Klostrofobi Nedir?
Klostrofobi: Latince claustrum (kapalı kalınan yer) kelimesiyle, Yunanca phobia (φόβος), yani “korku” kelimelerinden oluşmuştur
Kapalı, sıkışık ortamlarda bulunmaktan korkmaya psikiyatride Klostrofobi adı veriliyor. Klostrofobisi olanlar, tren, asansör, uçak gibi yerlerde panik atağı yaşamaktan veya panik atağı yaşama korkusundan yakınıyorlar. Yine, panik atağı yaşayanlarda sıklıkla klostrofobi ortaya çıktığı da gözlenmiş...
Eğer panik atağı, kapalı bir mekanda ortaya çıkıyorsa, bunun sebebi olarak “dışarı çıkamama korkusu” gösterilir. Klostrofobikler kapalı mekanlarda nefes almakta zorlandıklarını zannederler. Pek çok psikiyatrik problem gibi, klostrofobi de, çocuklukta yaşanan travmalara bağlı olarak gelişebilir..
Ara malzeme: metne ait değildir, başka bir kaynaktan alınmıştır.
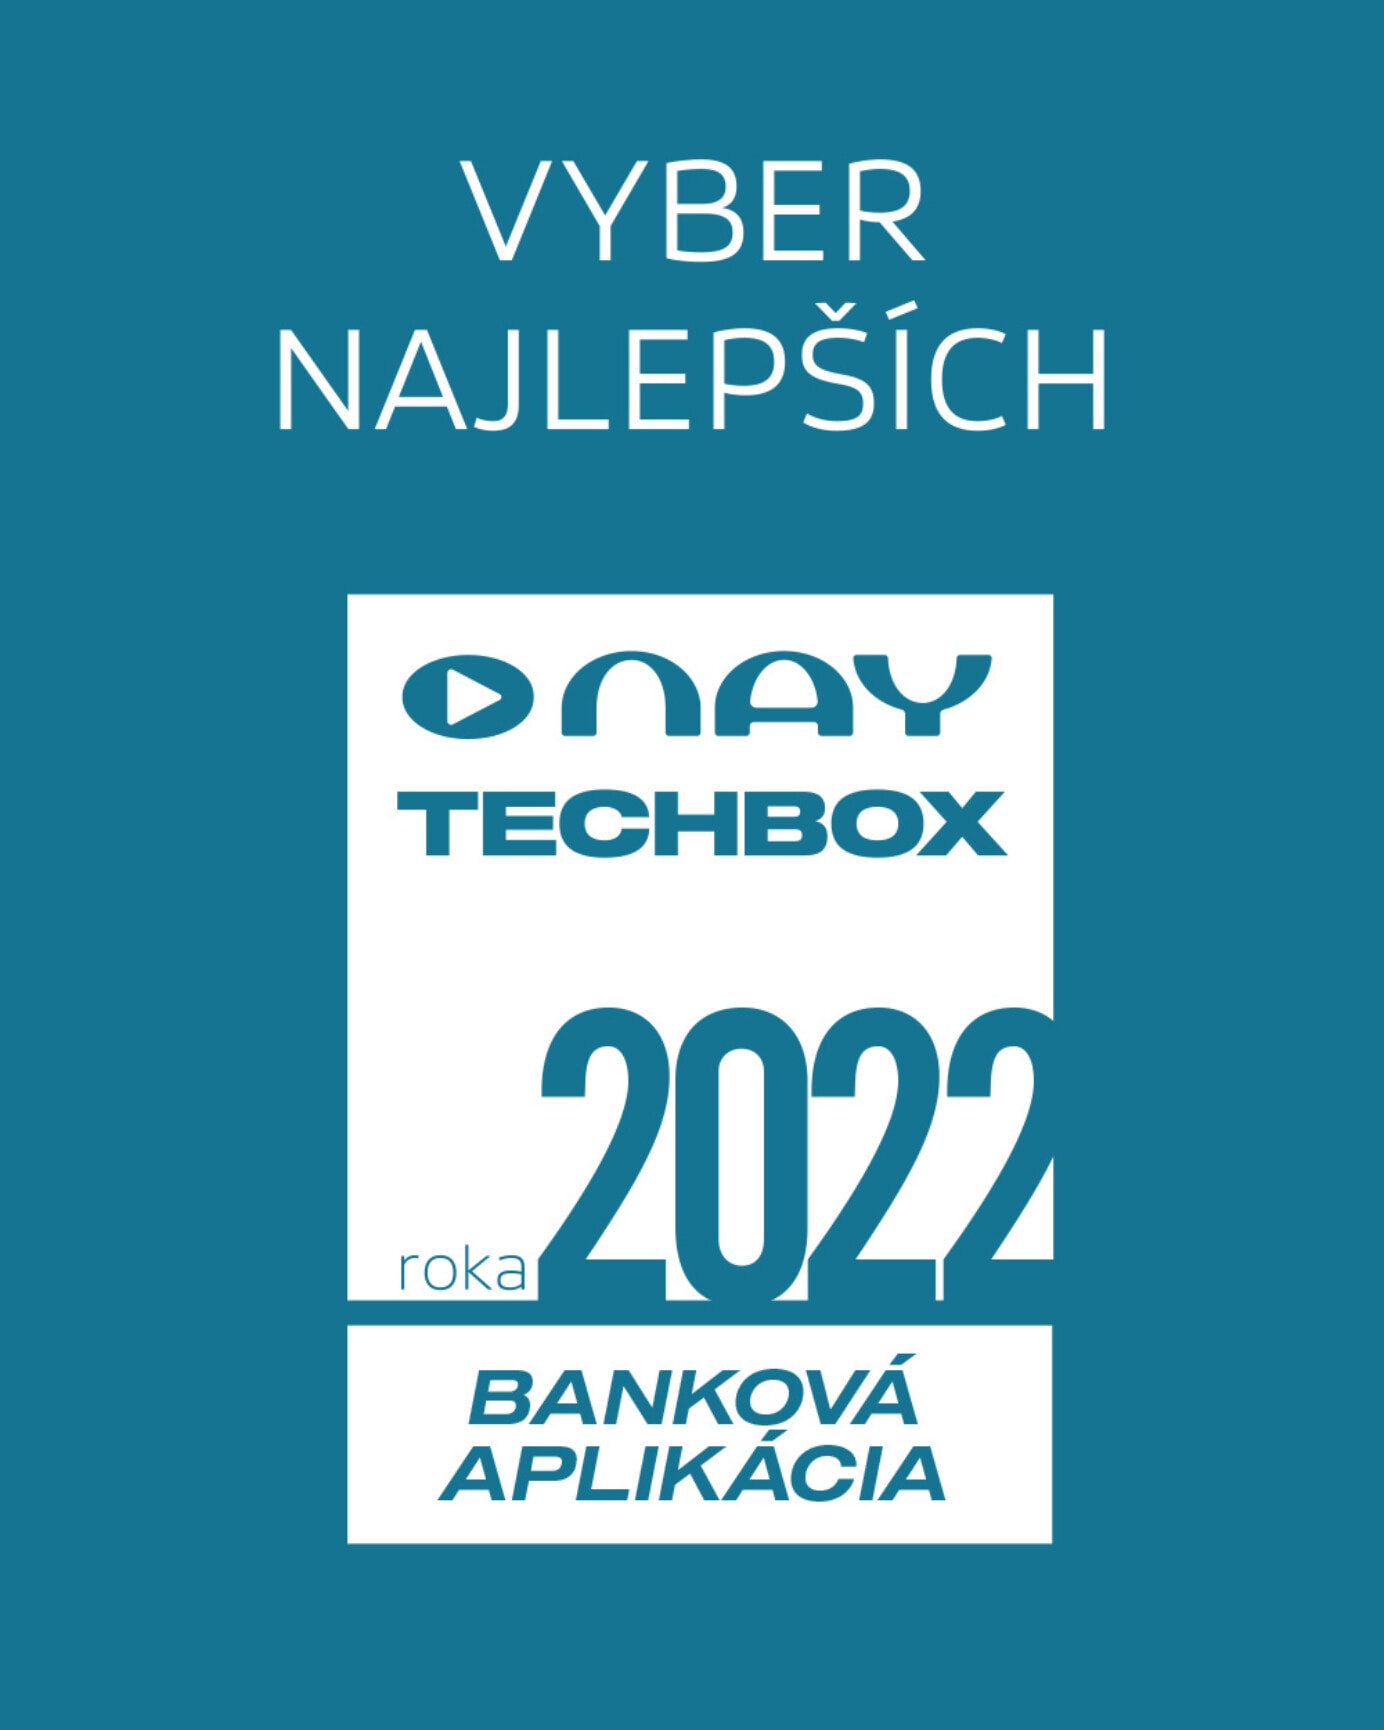 Hľadáme NAY TECHBOX BANKOVÚ APLIKÁCIU roka 2022. Hlasujte a vyhrajte!
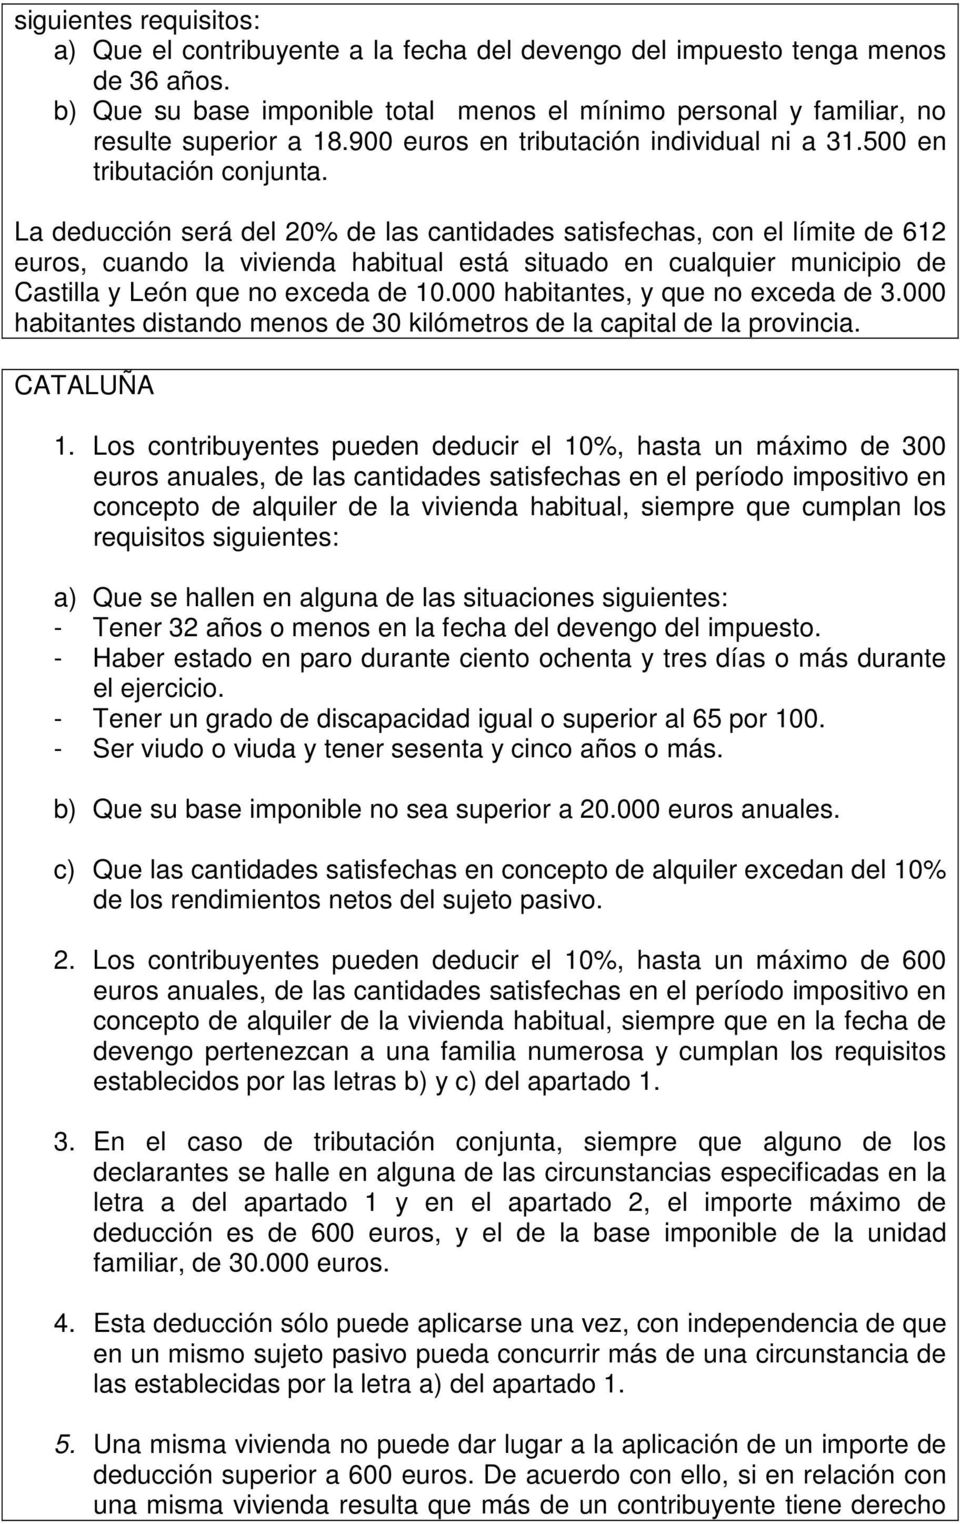 La deducción será del 20% de las cantidades satisfechas, con el límite de 612 euros, cuando la vivienda habitual está situado en cualquier municipio de Castilla y León que no exceda de 10.
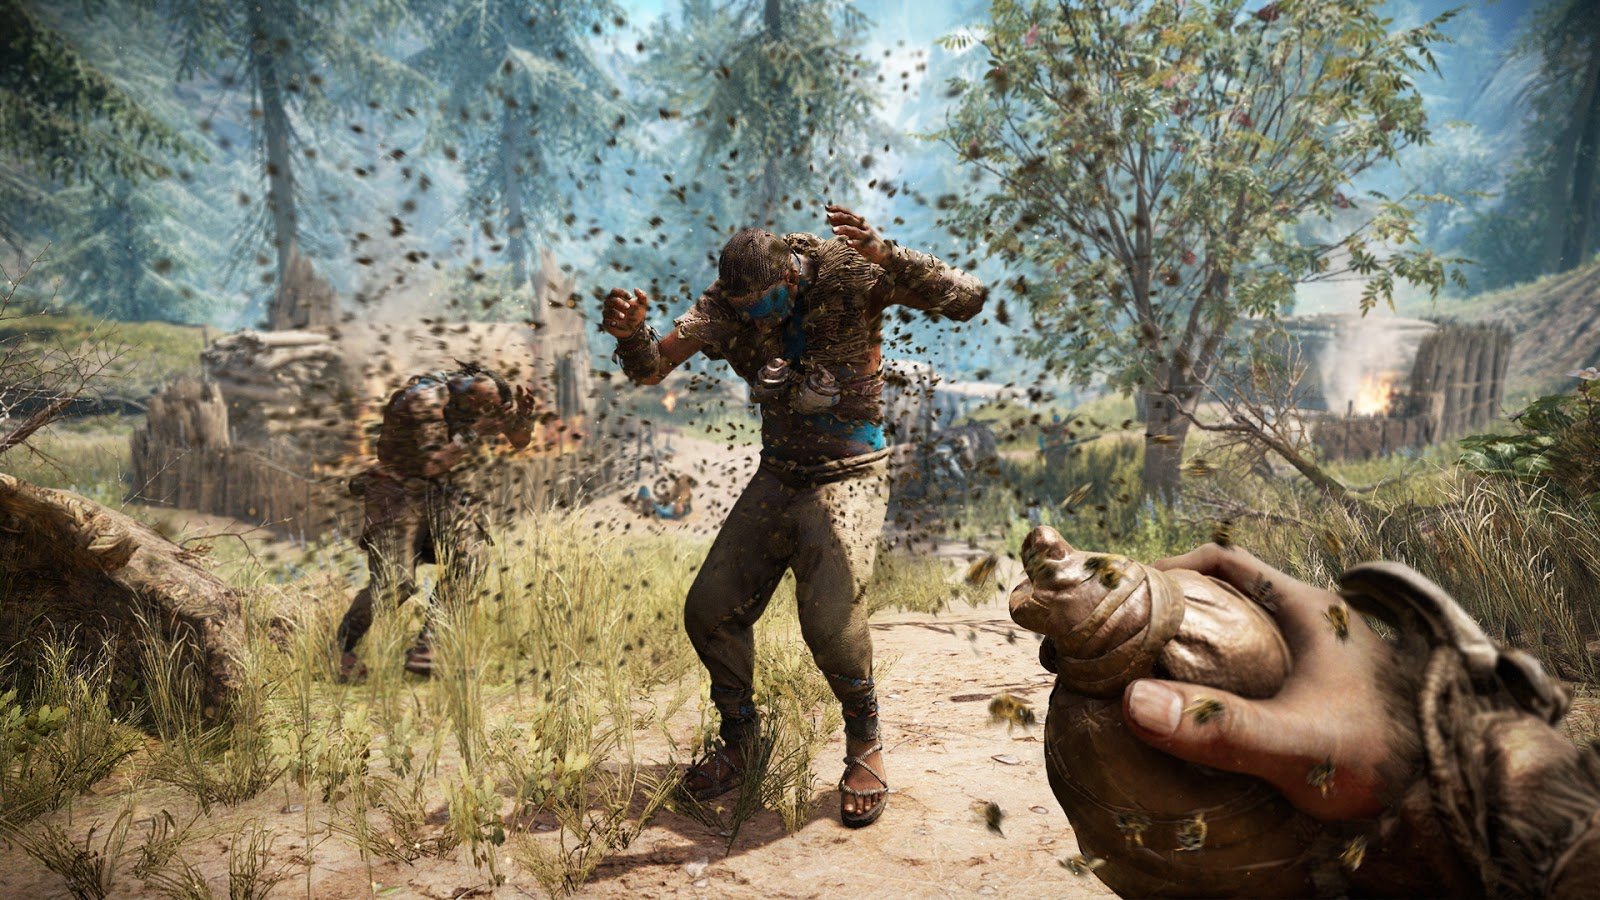 Far Cry 5: Requisitos mínimos para rodar o game no PC em 30 ou

Klostrofobikler, tıpta sıklıkla kullanılan tanı yöntemlerinden olan MR (Manyetik Rezonans görüntüleme) kullanımı sırasında da sıkıntılar yaşarlar. Bu problem, klostrofobinin sıklığının diğer fobi türlerine göre daha doğru ölçülebilmesine yol açmıştır. ABD’de MR çekilmeden önce geçmişi sorgulanan kişilerin % 5 ila 10.6’sında klostrofobi olduğu gözlenmiştir. Bundan başka, hastaların %7’sinde tanımlanmamış klostrofobi bulunduğu ve MR çekimi sırasında işlemi yarıda keserek cihazdan çıktıkları belirlenmiştir. Hastaların %30′unda ise, kapalı bir ortamda uzun süre kapalı kalmaya bağlı hafif endişe hali görülmüştür.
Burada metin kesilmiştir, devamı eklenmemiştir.